On Wed, Dec 16, 2020 at 06:40:01PM -0800, Enke Chen wrote:
> Hi, Folks:
> Regarding the patch for openBGPD pointed out by Job, I do not think it
> would work. When the TCP rcv window from the remote is 0, the BGP keepalive
> can still be queued to the socket buffer. It can take a long time for the
> socket buffer to be filled up by BGP keepalives.

I agree that it can take time for the socket buffers to fill up. This
affects both send and recv socket buffers. If a client stops to recv(2) any
data then it will take a long time for an idle session to fill up all
these buffers with 19 byte KEEPALIVEs. At the same time an idle session
will not result in stale RIB entries.
In the DFZ there is enough update chatter to reduce the time significantly.

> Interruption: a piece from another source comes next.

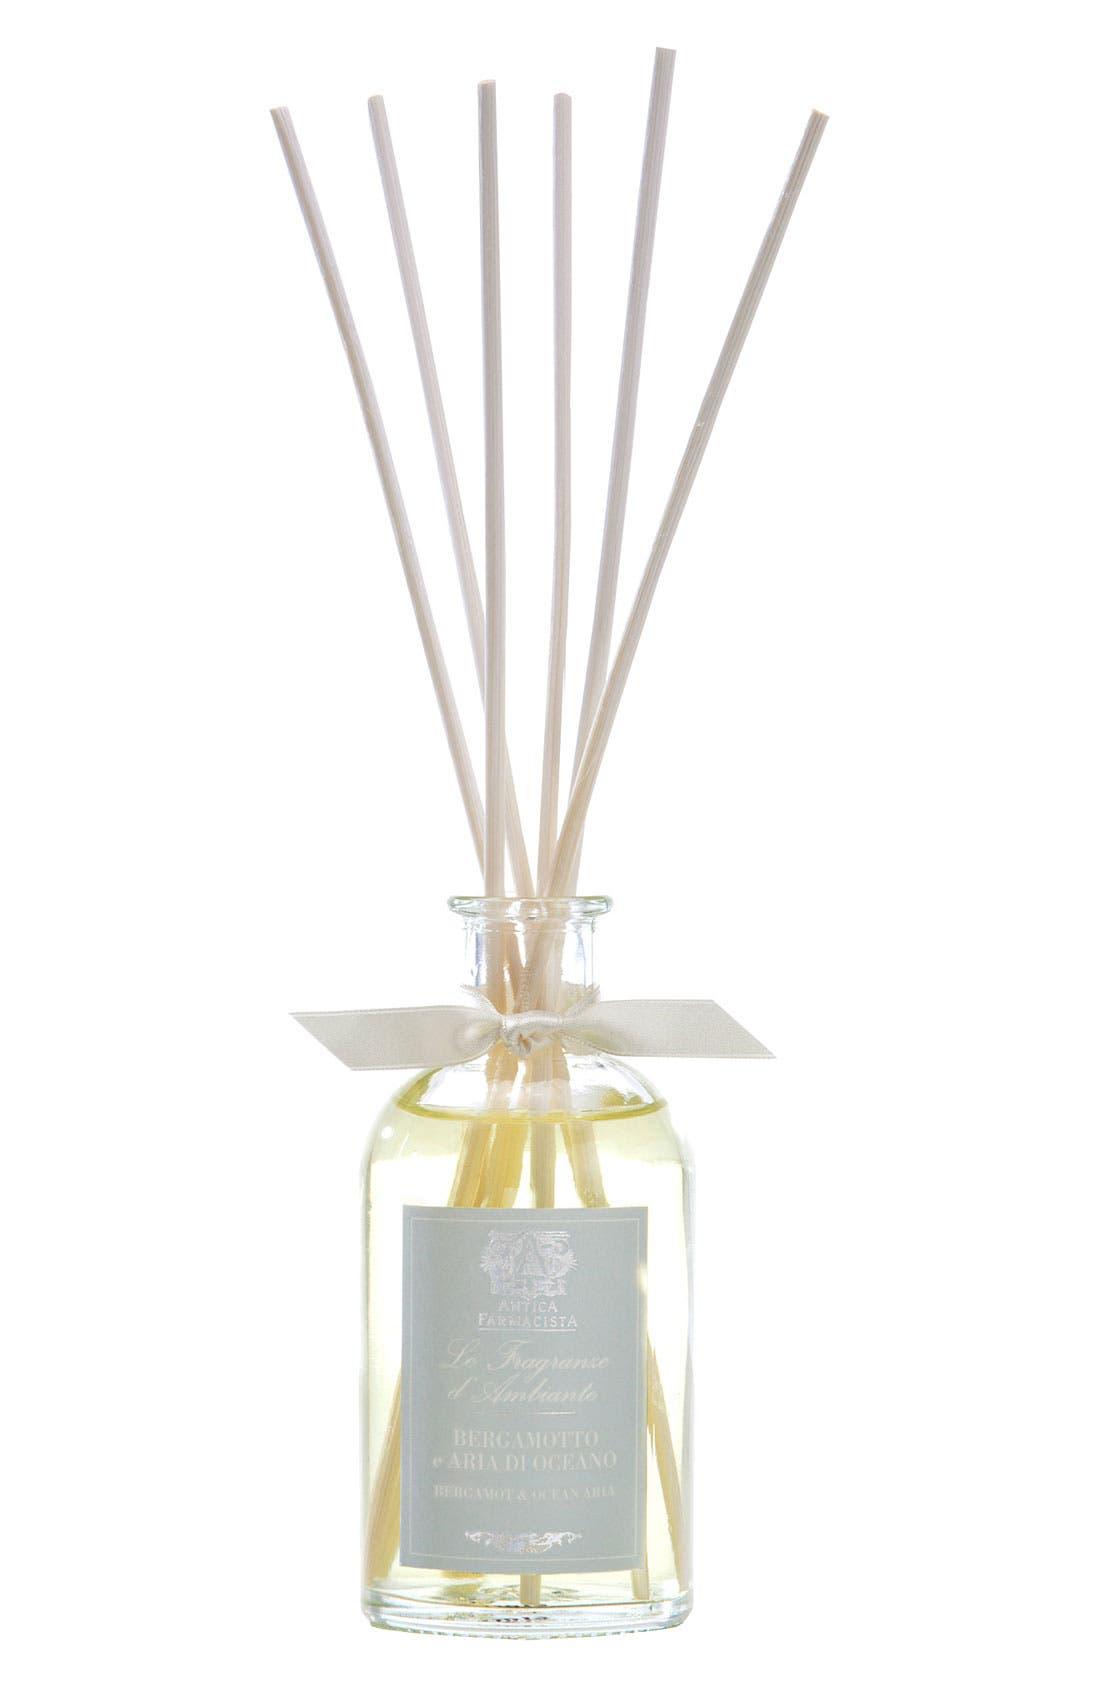 Alternate Image 1 Selected - Antica Farmacista 'Bergamot & Ocean Aria' Home Ambiance Perfume (3.3 oz.)

In the end the goal is to reduce the current state of keeping the
connection open forever to something more reasonable. As mentioned to 
fill up the receive buffer and closing the window to 0 already takes time.
This trigger will not be precise but limiting the socket buffer size can
help to reduce the time.
> It seems that the TCP_USER_TIMEOUT option can be used for the persistent
> zero-size window issue.  The timeout value could be multiples of the
> holdtimer (with min and max adjustments), perhaps somewhere around 5 or 6
> minutes.

Not all systems implement TCP_USER_TIMEOUT. It is one way to detect send
side problems. With a large timeout it is probably a good mechanism.

:wq Claudio